After grabbing her clothes, toiletries, and tools from her mother’s using her phone’s light to guide her—pretty much everything she’d brought with her—Daisy wandered down the creaky wooden hall of the Morelli house. She’d been here before, but it had seemed larger to her then. And foreboding, too. She blushed, thinking of the way she pined for Jake as a teenager. He was three years older and barely noticed her, choosing instead to hang out with tall, skinny girls in tiny, string bikinis.
Whatever.
He’d been traipsing behind her ever since she walked through the front door. He hovered in the doorway of the girls’ old room. “Sure there’s nothing back at the house that you would like me to get for you?”
She gave him a brief glance over one shoulder. “No, thank you.”
“Tomorrow I’ll stop by the planning department and snoop around. I won’t mention that we’ve talked—no need to draw unnecessary attention to your situation.”
Daisy listened to him in silence. He was ashamed of her and her mother’s home. Check. She appreciated the effort, even if it did feel forced and the message he sent was off-putting.
He shifted and she barely looked at him. “Well, then, good night,” he said.
After he had gone, she wilted onto the bed, her things at her feet. The room was exactly as she remembered it, except for appearing smaller. Double bed, off-white bedspread with a fat, spouting whale on it. Sea glass green walls, white bookshelf, and wicker TV stand. The windows, h
owever, looked newer than the house itself.
Her stomach grumbled and she realized, quite suddenly, that she hadn’t eaten. She sneaked a look toward the doorway. She did not want to interact with Jake any more than absolutely necessary, but though it was only a little after nine o’clock, he had said good night and she remembered hearing his footfalls going up the stairs.

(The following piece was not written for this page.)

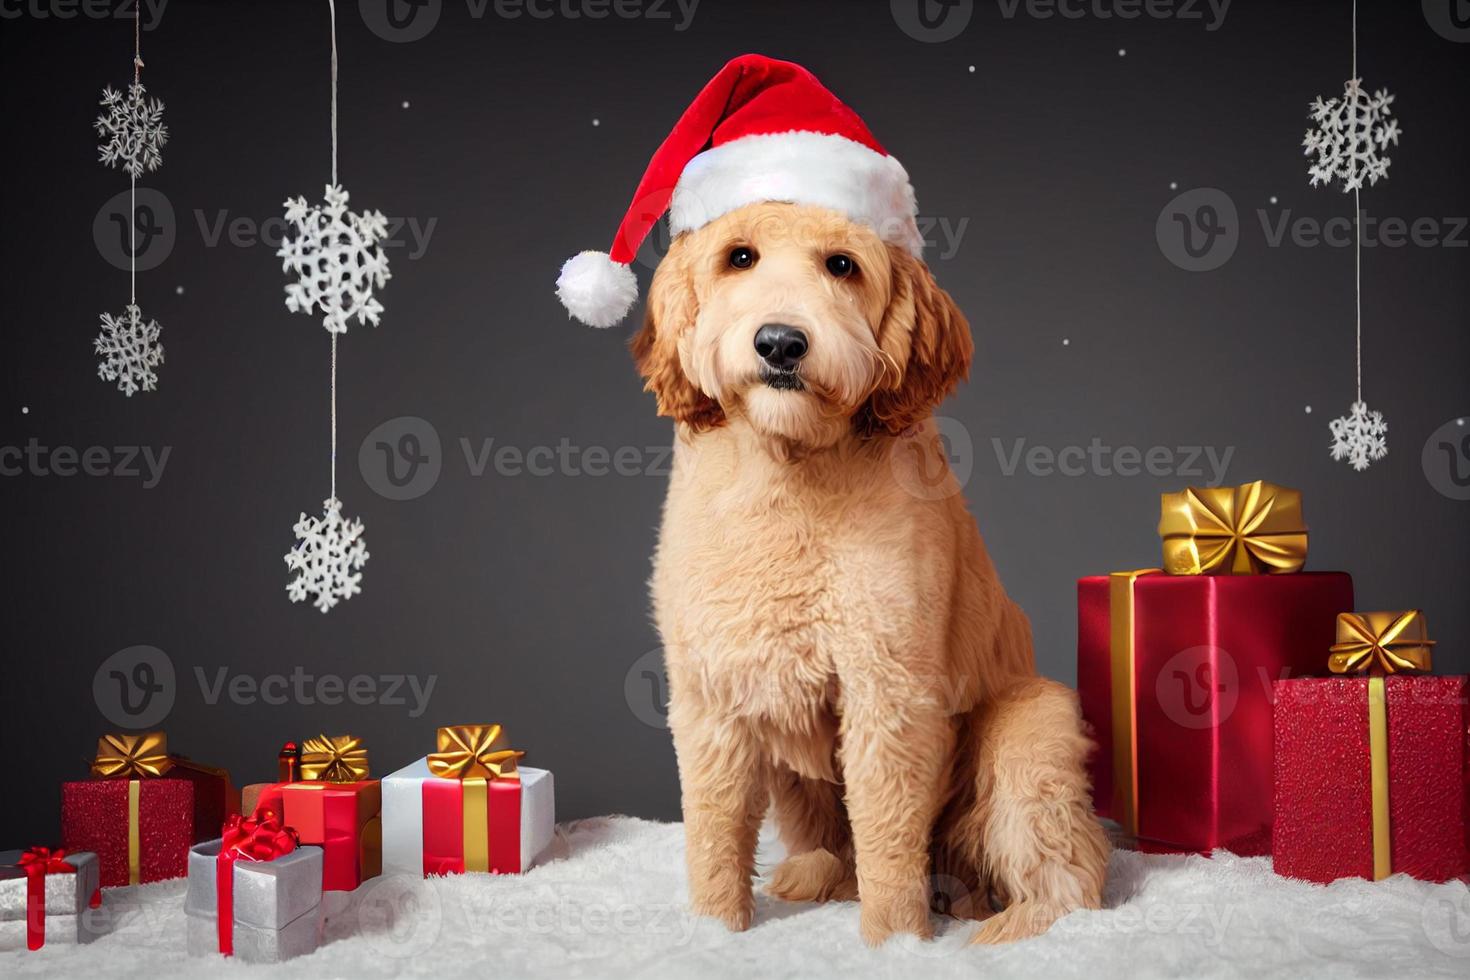 adorable perro goldendoodle con un sombrero de santa y adornos navideños, lindo foto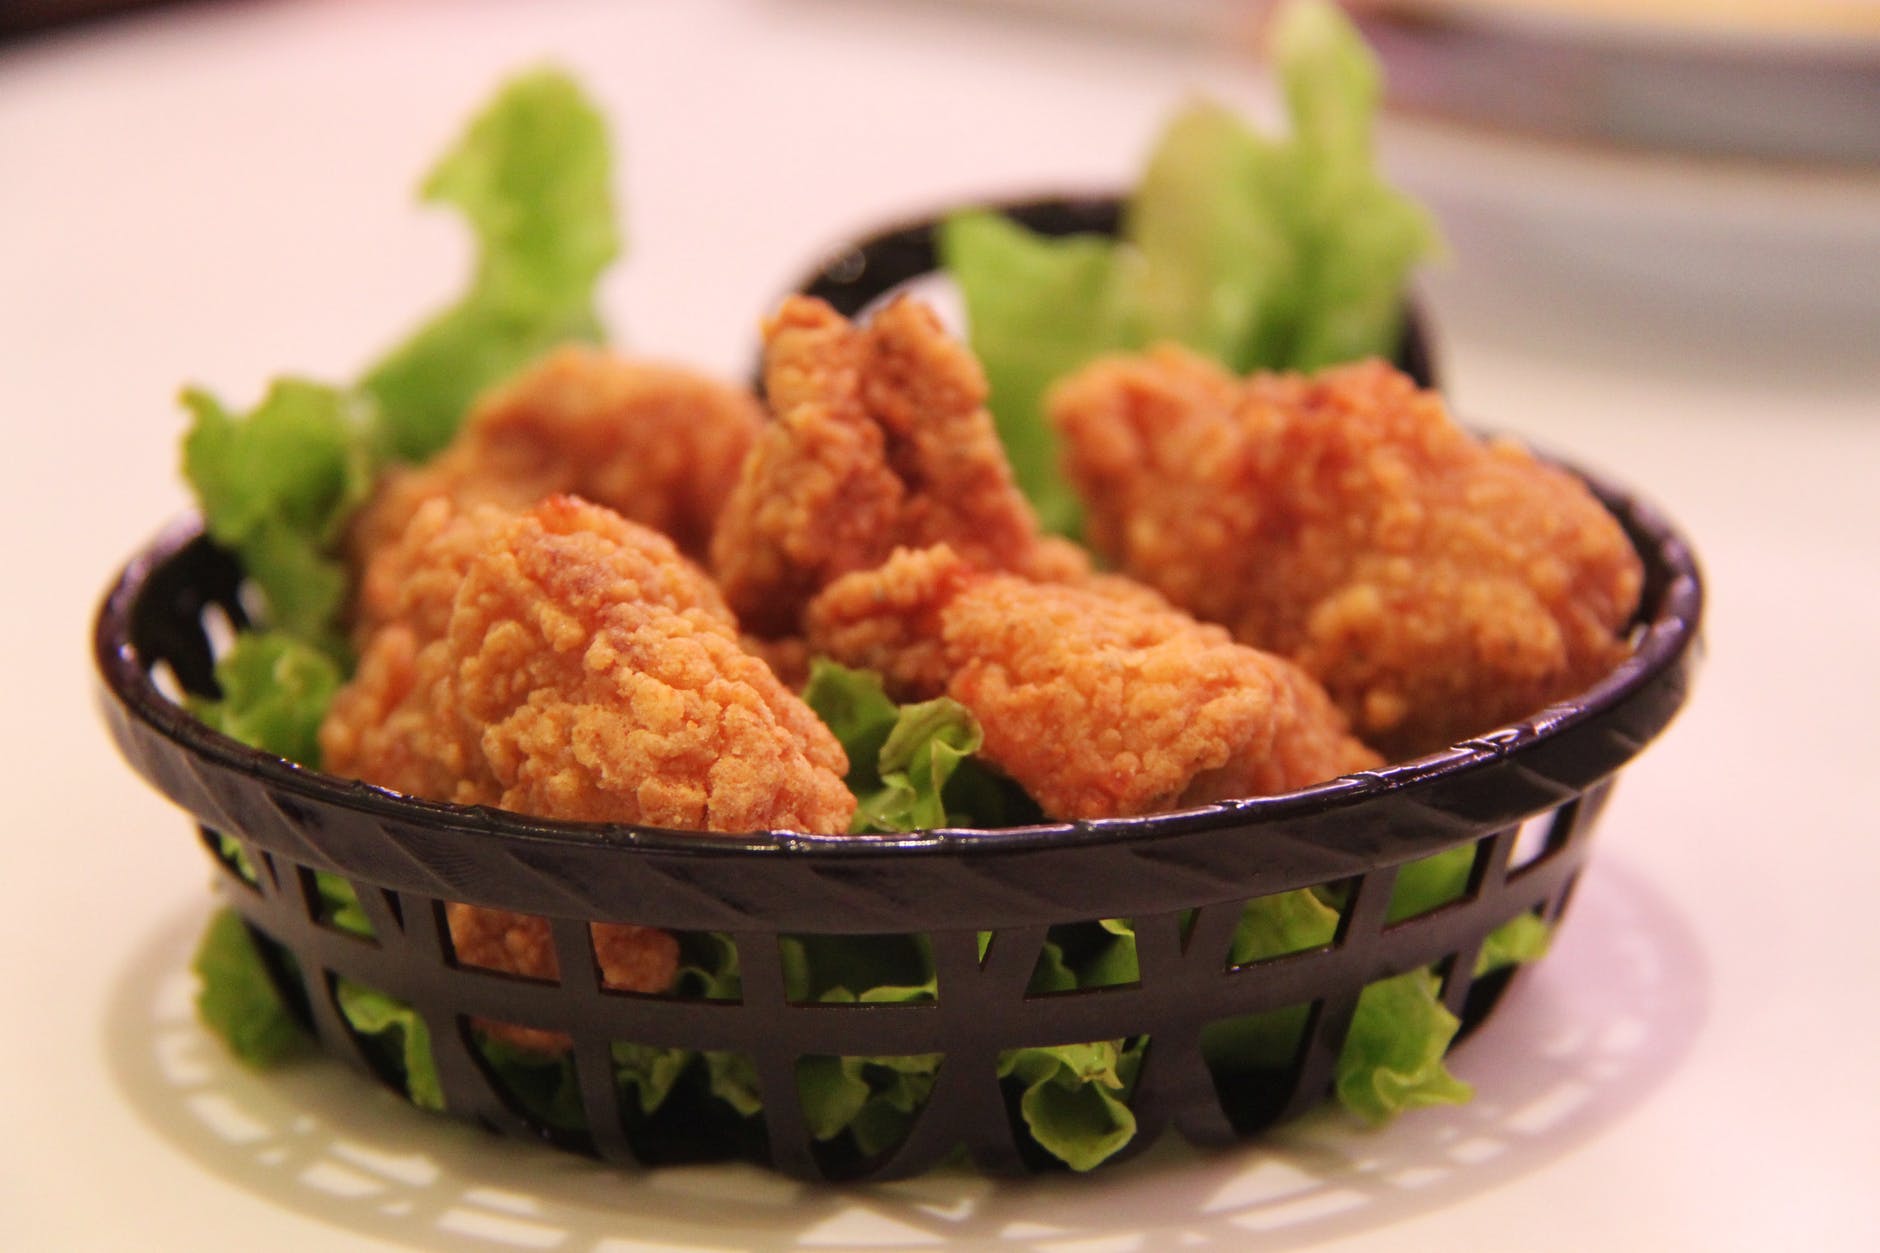 fried-chicken-chicken-fried-crunchy-60616.jpeg

She tiptoed to the doorway and peeked out. Nothing. Daisy slipped out of her sneakers and padded down the hall in her socks. The wind had begun its nightly howl, slamming itself against the old house. Daisy shuddered. The wind, so typical for this stretch of the beach, had one positive outcome: tomorrow the sky would be clear and blue. But that wind had also helped spread the fire that had made its way to her mother’s home last month.
As she stood in the living room now, debating whether to dart across the divide between the two houses to search for food, a car pulled into the driveway. She stepped back, watchful. A person stepped out of the car and shut the door. She held her breath, wondering. Was Jake expecting someone? Was there another roommate? Someone she did not know about?
The man rounded the car and bounded up the steps. He wore a blue baseball cap and smelled like … pepperoni. “Evening.”
“Hi.” She noted the large pizza box in his hands. “Um, I think you have the wrong—”
Jake’s voice cut in from behind her. “I’ll take that. What do I owe you?”
After he paid for the pizza, Jake pivoted, box in hand. “Hungry?”
Yes, yes, she was. But she shook her head no anyway. “Thanks, but I’m fine.”
His eyes brushed over her face. “You look hungry.” Her stomach growled and he laughed. “Thought so. Join me?”
She shrugged. “Sure.”
“Have a seat.” He plopped open the pizza on the island and picked up a bottle of wine. “Chianti?”
When she didn’t answer right away, he pulled two wineglasses from a shelf and began to pour. He set a glass in front of her. “I’m not a fan of drinking alone.”
“Thanks.” She took a sip, her thoughts inundated with memories and worries. Jake was being nice to her. That’s all. She had to keep her mind clear of the past, of the feelings she’d had for him way back when. This moment was a vapor that would soon pass and she’d better hang onto that fact so she didn’t somehow get sucked into any other daydream.